The Lawyer has reported on The Reignite Academy, which has put nearly 50 ex-lawyers back on the City partner track, of whom nearly 85 per cent are still in position. In 2018, only six firms (CMS, Macfarlanes, Orrick, Reed Smith, Sidley Austin and White & Case) were brave enough to sign up to the scheme; now 18 firms have taken candidates. The vast majority of ‘Reigniters’ are working full-time or four days a week and have joined many different of teams in all sorts of firms. The perfect role may have been available before, but perhaps the lawyer could not commute to a location or required a bit of flexibility in their schedule. Now, with the right approach, there are fewer barriers to hiring the right person.

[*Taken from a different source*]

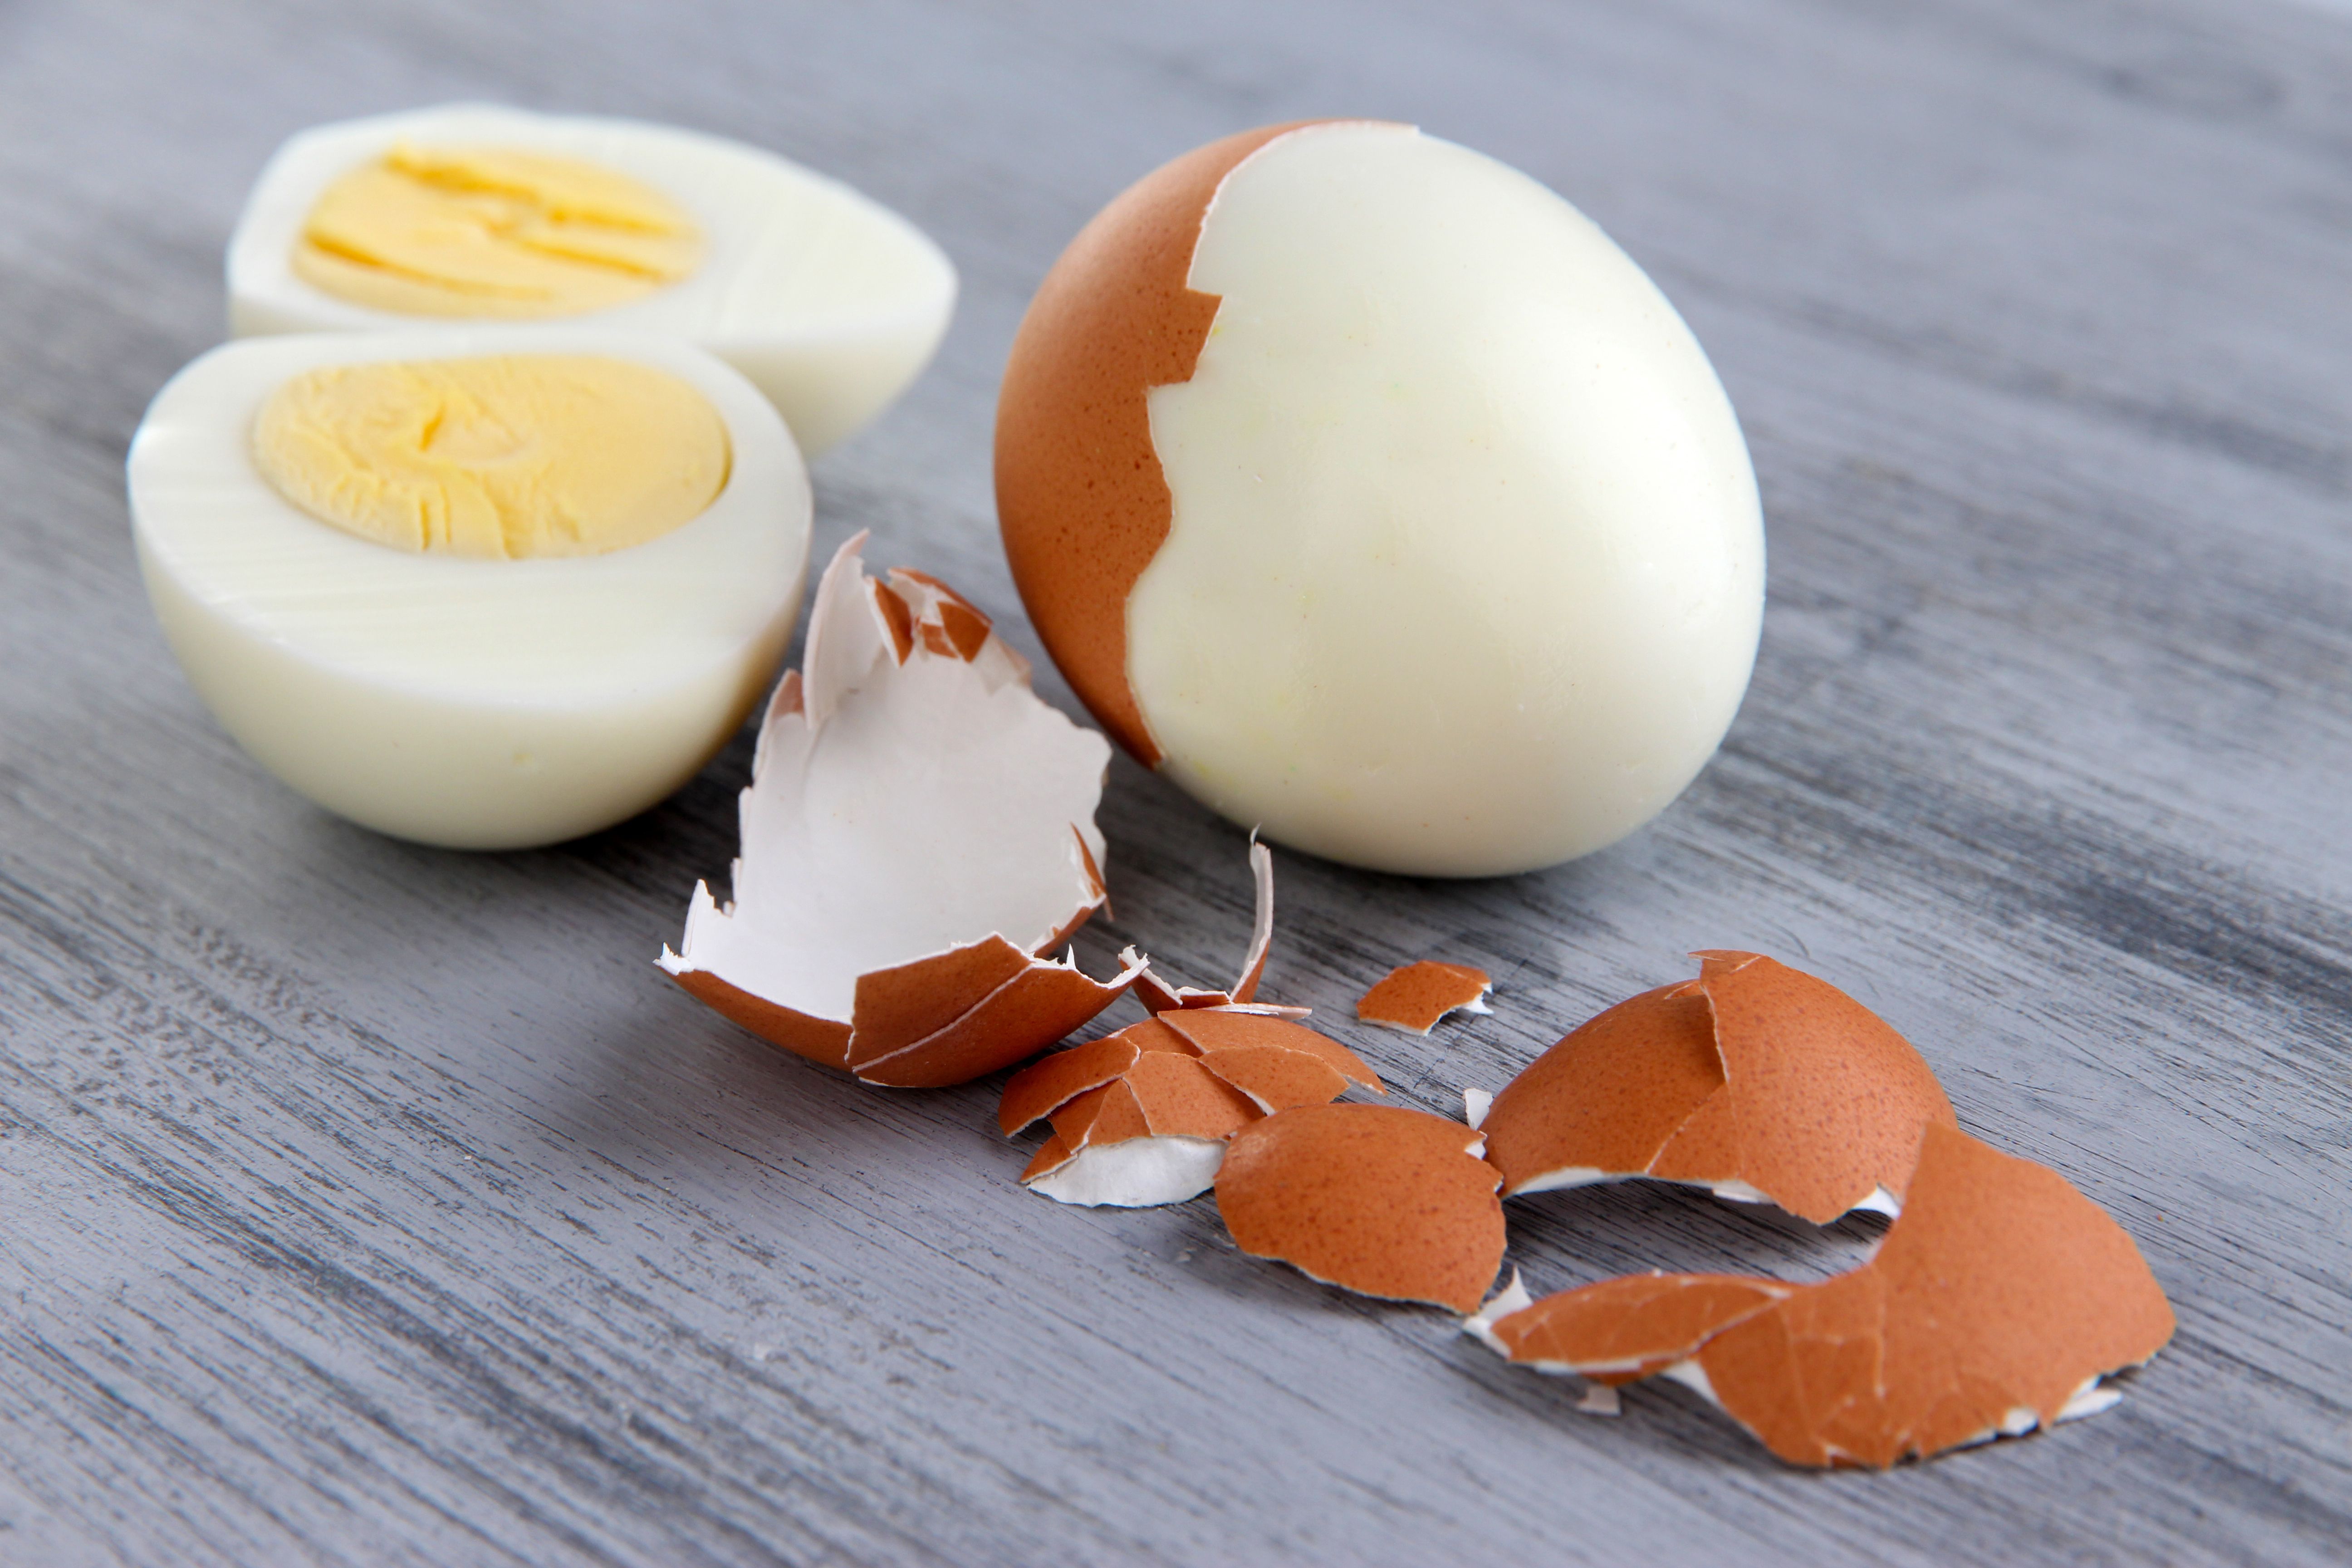 L'œuf dur est la façon optimale de consommer l'œuf ! » Vrai ou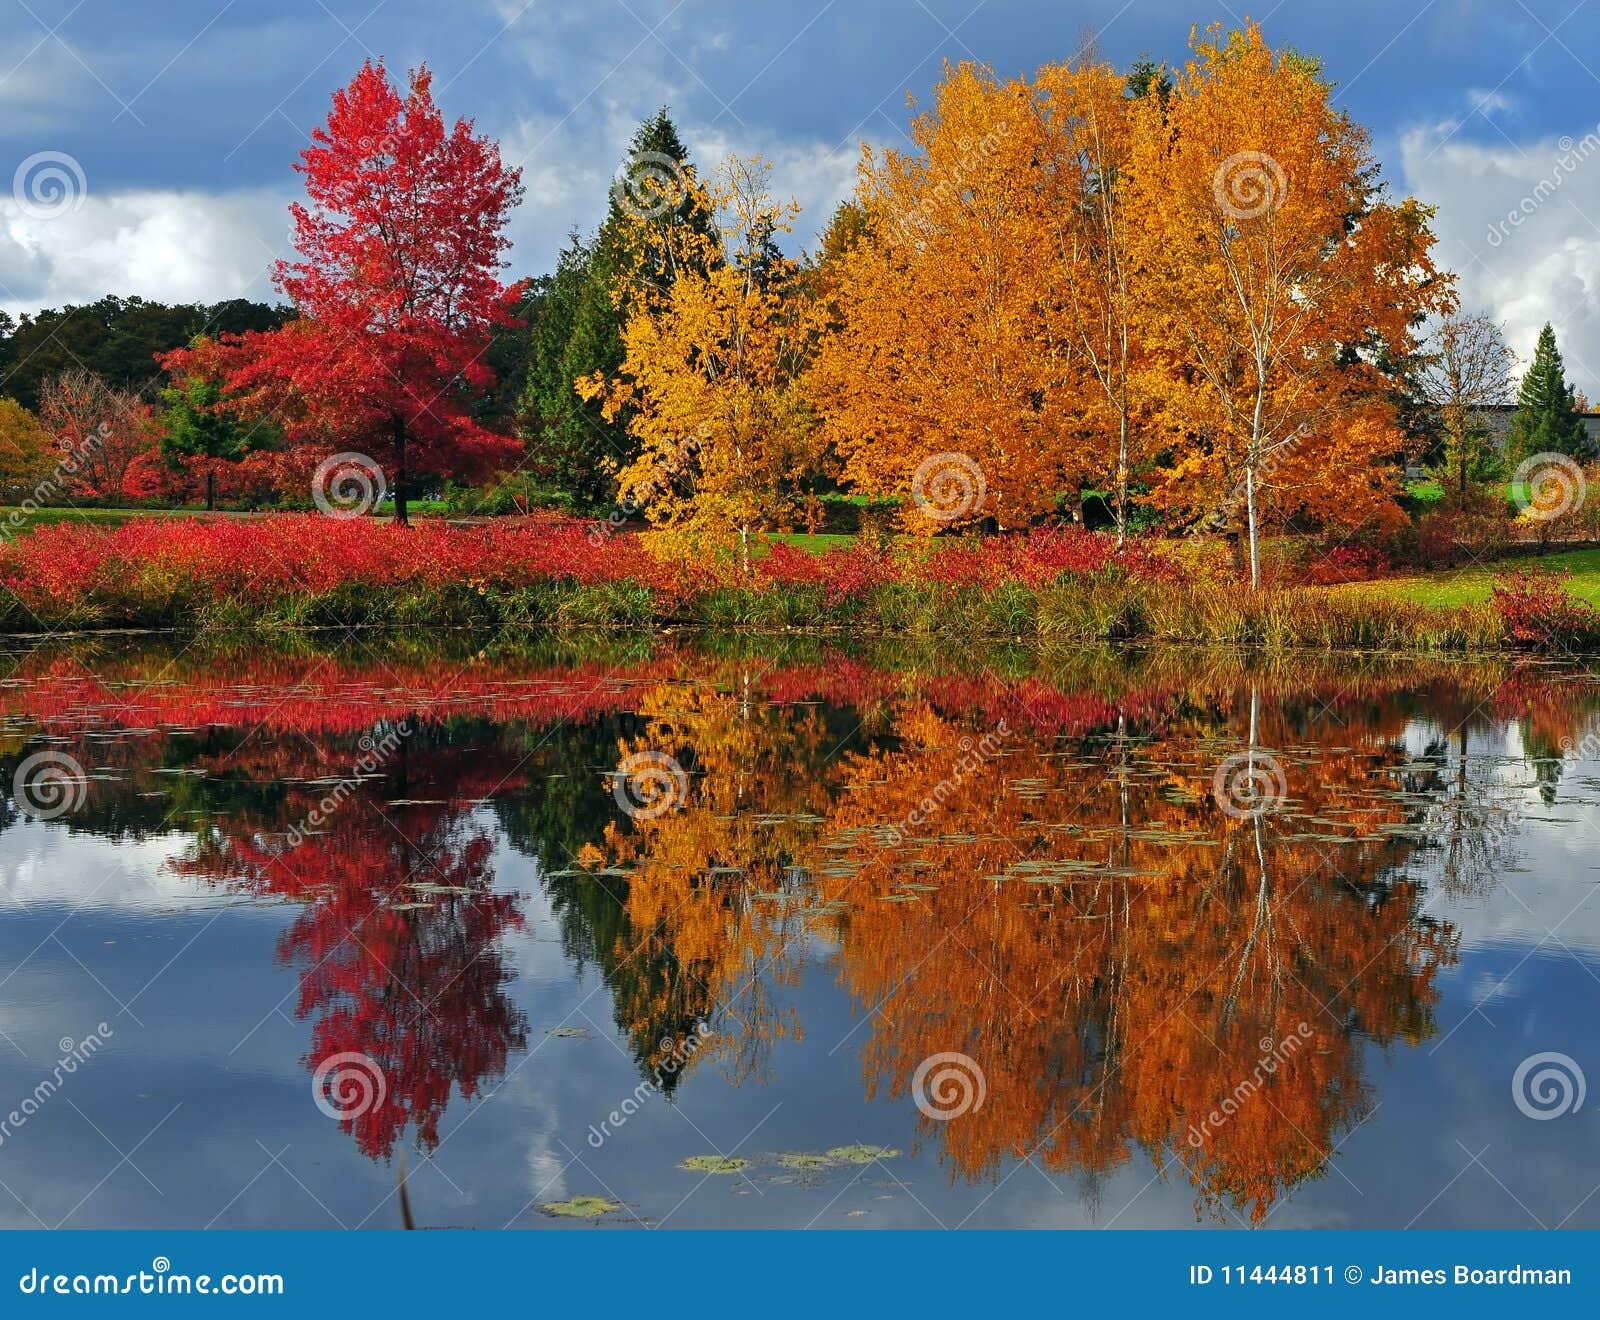 Reflexiones del otoño imagen de archivo. Imagen de paisaje - 11444811

From my experience as a Recruitment Consultant, I would say that there are only a few people who genuinely enjoy a lengthy commute. With law firms now lifting the restrictions of limiting applicants to candidates living within a commutable radius, the candidate pool becomes wide open. Having a more flexible attitude to how people carry out their job allows a far broader, more diverse pool of talent. This is great news for innovation and productivity, enabling firms to tackle problems with a much wider resource.
Interview and hiring process
This is the most obvious and publicised change in the last 18 months, with so many interviews taking place remotely for at least one of the interview stages. The process is therefore easier and quicker, especially if the individual is working from home.
In a similar way that hybrid working is becoming the new normal, it’s the same story for hybrid hiring, whereby the recruitment process will involve both virtual and in-person stages. Law firms are working hard at ensuring the candidate experience remains at the heart of the process and the human touch is felt regardless of the medium.
With the move to remote interviews, there are of course different considerations for both sides to consider, including:
- Using and testing the right technology. Some of the most popular include: e.g. Microsoft Teams, Zoom, Skype, WhatsApp
- Choosing the right space/background - you need to choose your interview space to be clean and tidy and free of anything distracting (or confidential).
- Remember body language which is just a crucial online as in person
- Do your preparation – again it may seem more informal interviewing in your own kitchen but both sides need to be as prepared as if you were sitting in a boardroom
Please do see my tips on successful remote interviews.
This year has accelerated the evolution of work in ways we wouldn’t previously have thought possible. Adapting to these changes are challenging, requiring an open mind and some procedural upheaval. But the potential benefits for businesses and employees alike are striking and that can only be a positive thing going forward.
Finally from a hiring point of view, if there’s one thing that hasn’t changed, it’s that the world is always going to need talented people. It just seems at this present time Covid has to a certain extent changed why and how we hire.